Kufuluhela—Return the Land of Plenty to Barotseland

 

by Sibimbi Maibiba

 

nalikwandaAs Malozi we have much to be thankful for. Most people around the world have lost touch with nature and their place in it but we have maintained that sacred balance of coordinating our daily lives with the natural order of things in the heavens up to this moment. What bring us most in balance with the order of the universe are our ceremonies Kuomboka and Kufuluhela, not just two but six times each year. They have all been described as many things but I like to call them mass migration spectacles—a floating symphonic exodus—performances of spiritual renewal of faith in the role of the Litungaship both male and females, in the entire Barotseland Kingdom north and south, east and west, and centre of the flood plain. Bringing a balance to our lives at home and abroad regardless of our other faiths and beliefs, these ceremonies are what make us Malozi. However, today our most sacred rites of passage are threatened to never belong to us again, if we do not stand up and claim them as the rightful owners.

 

These ceremonies are all born out of ecological necessity and over time have become grand texts, myths and unifying performance practices for us, the MaLozi of southern Africa. Kuomboka and Kufuluhela as cultural practices explored by Mutumba Mainga in A History of Lozi Religion (1972) and Likando Kalaluka  in Kuomboka: A Living Traditional Culture among the Malozi people of Zambia (1979). These works covered the cosmology, cultural history and ecology as well as exploreed the political and economic basis of Kuomboka and Kufuluhela.

 

There are three different Kuomboka and Kufuluhela ceremonies in separate locations, each with their own royal barges, xylophone orchestras and separate pageantry at Lealui, Nalolo and Libonda. These six grand migrations and many other ceremonies in Barotseland give us an enormous repository of cultural memory and places our belief system at the forefront at all times as the central unifying grand narrative for our people.

 

Kuomboka and all of its cultural properties—music, dance, masquerade and much more—has ancient Nilotic roots and we hear them spoken of in the oral epics of the praise singers to the Litunga, Litunga-la Mboela and Mboanjikana. They tell us how over time they have become ceremonies of cultural unity and opportunities for collective consciousness where we "wade in the water" with our King, Queen and Princess Regents as they lead us to higher ground physically and spiritually and then bring us back—down to the land of plenty.

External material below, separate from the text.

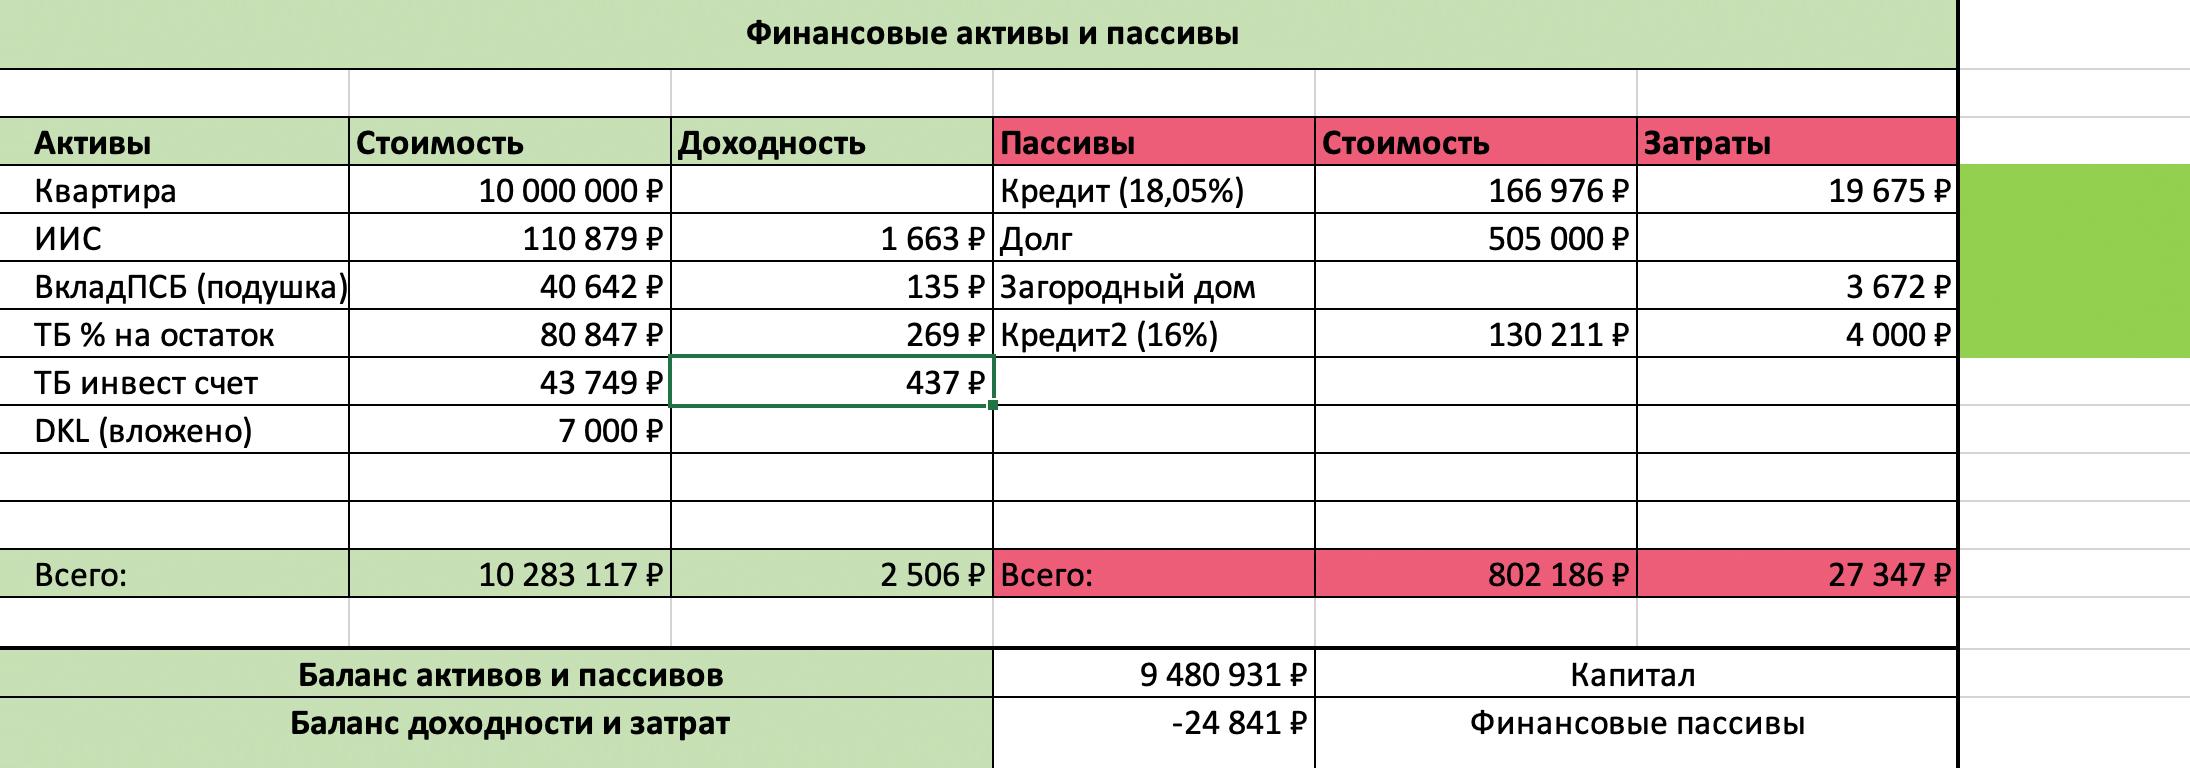 Моя таблица с активами и пассивами

  Kuomboka and Kufuluhela are our symbolic systems of democratic governance where every individual paddler represents a section of the people in the Nalikwanda and together, they represent the whole nation of Barotseland. We are the nation in this symbolic system. The Litunga is the custodian of the nation and the current one, Edwin Lubosi Imwiko, has violated many of the sacred oaths protecting the nation and calls for his removal must continue to ring loud and clear for without this symbolic system in action, we cease to exist.  Therefore, it is with great dismay to hear that our most recent Nalikwanda and perhaps this Kufuluhela today is paddled by outsiders. Our sacred secret from most ancient times revealed and corrupted by those who only wish to destroy us. If there is one thing that will go down in history as the most heinous of all crimes against the Barotse nation, this may be the one. Your Majesty, return us to the land of Plenty because it does not belong to any one person but the people of Barotseland.